Figure 1: Where did all the extra deaths come from if COVID-19 is overcounted?

Well, you’re in luck, because this article is not going to talk about the pandemic (anymore). Let’s all take a break from the daily death toll and the decline of democracy and talk about POKER.

Well, not just about poker, but also about how to approach historical data and carefully draw conclusions from it. There’s no surefire way to answer questions without controlled and randomized experiments, but that doesn’t mean that observational data is worthless. The goal when digging into historical data is to not fool yourself. You need to determine which patterns are meaningful and which are spurious. If there’s a confounding variable that you didn’t think of, you could end up with pie in your face when you present your conclusions to someone who did think of it. Since nobody can think of everything, it’s good practice to consider what answers would make sense, given your understanding of the subject at hand, before you look at the data for answers. Let’s see if I can dodge the pitfalls of data-mining as I look for insights into what makes a successful poker player.
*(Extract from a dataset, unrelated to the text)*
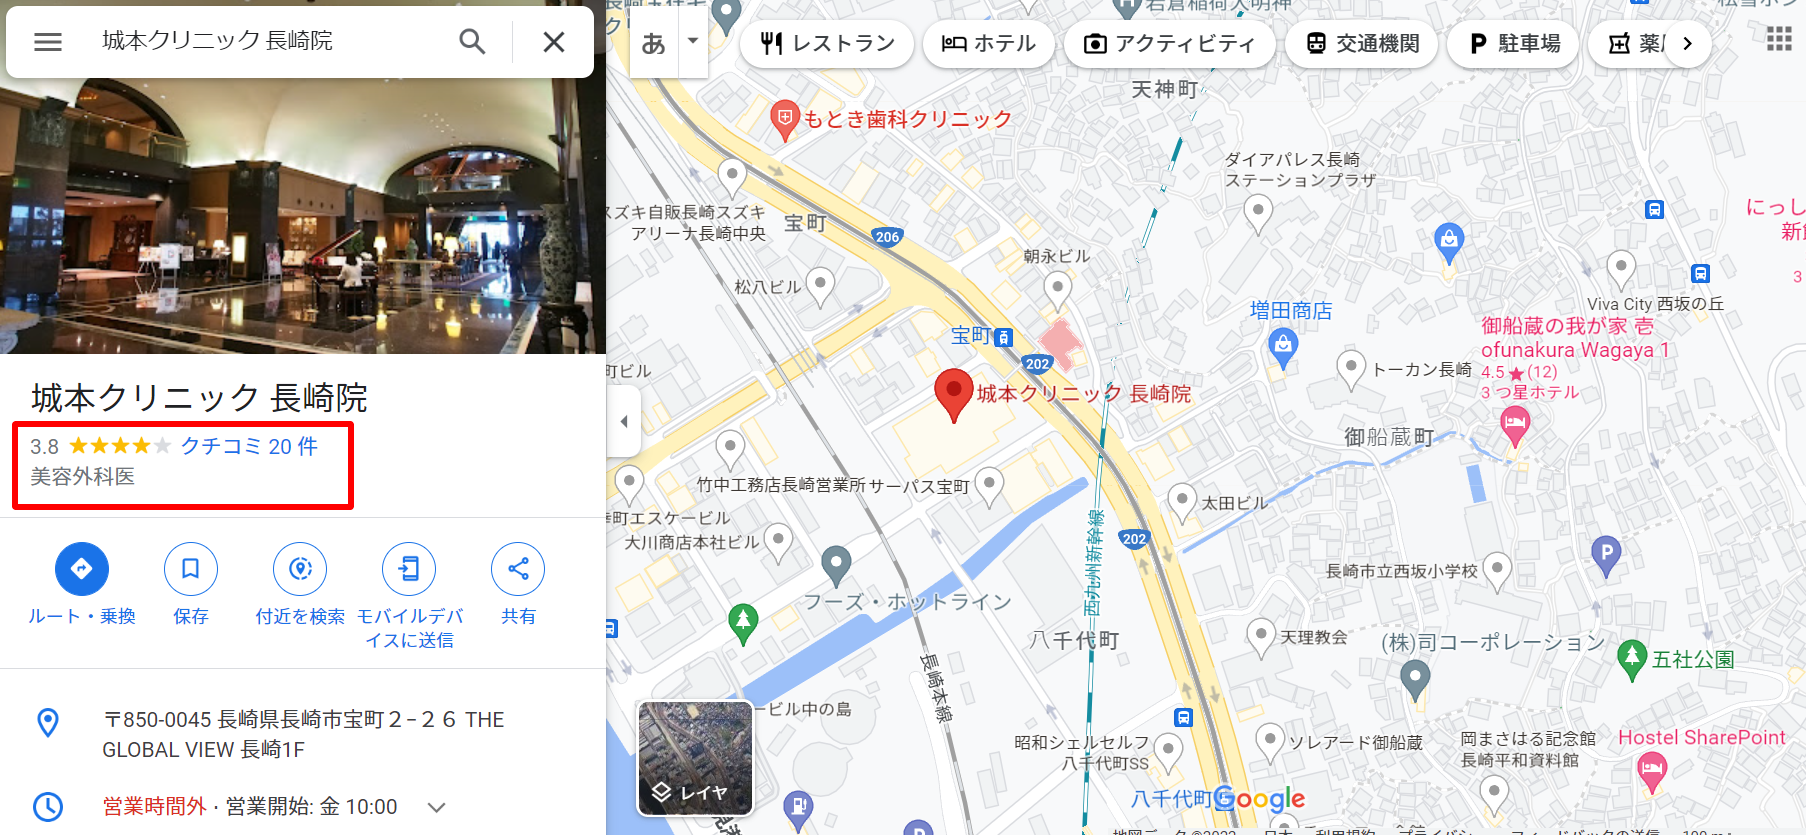 城本クリニック-長崎院-Google-マップ
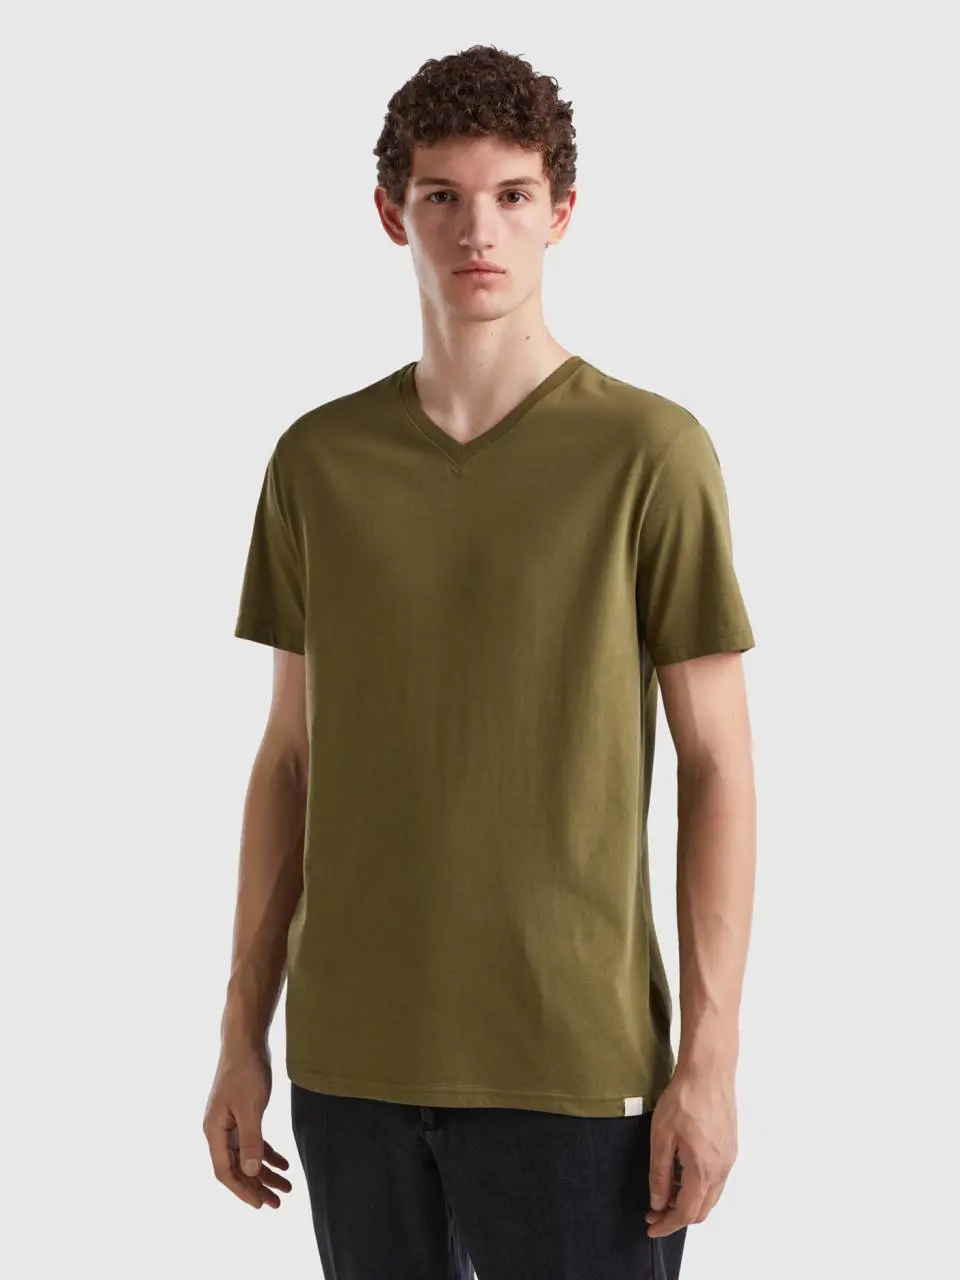 Benetton t-shirt in long fiber cotton. 1

Before we shuffle up and deal, I suggest you brush up on how to play No Limit Texas Hold ‘Em. It’s a fantastic game and it will basically train you how to make good decisions by literally making you pay for superstition and irrationality. You learn that good decision-making doesn’t always result in good outcomes in the short-term, but it will eventually pave the way to success. If you play long enough, you will see that players around you whose strategy depends on their emotional state end up sliding their chips your way, sooner or later. Poker initially appears to be a game of chance, but if you take it seriously, you’ll be rewarded with the realization that you’re no longer a slot-machine player, relying on luck for your success; you’ve become the casino. What may have started out as gambling has become an investment opportunity with a positive expected return.

Anyways, let’s get to the data. A little bird provided me with hand history for over 930,000 online poker hands (at tables limited to 6 players) from about a decade ago. The blinds were $25/$50, which is high enough to be considered “serious” poker. It’s not unusual for a player to have over $10,000 at the table and, in the 3 months of data, three players made a profit of over $100,000 (one player lost over $100,000, so over this time period, poker was a more expensive hobby than golf!).

The first (and most time-consuming) step in a data scientist’s workflow is to get the data into a useable format. In this case, the data came as a semi-structured text file such as the following (names anonymized to match their position at the table)…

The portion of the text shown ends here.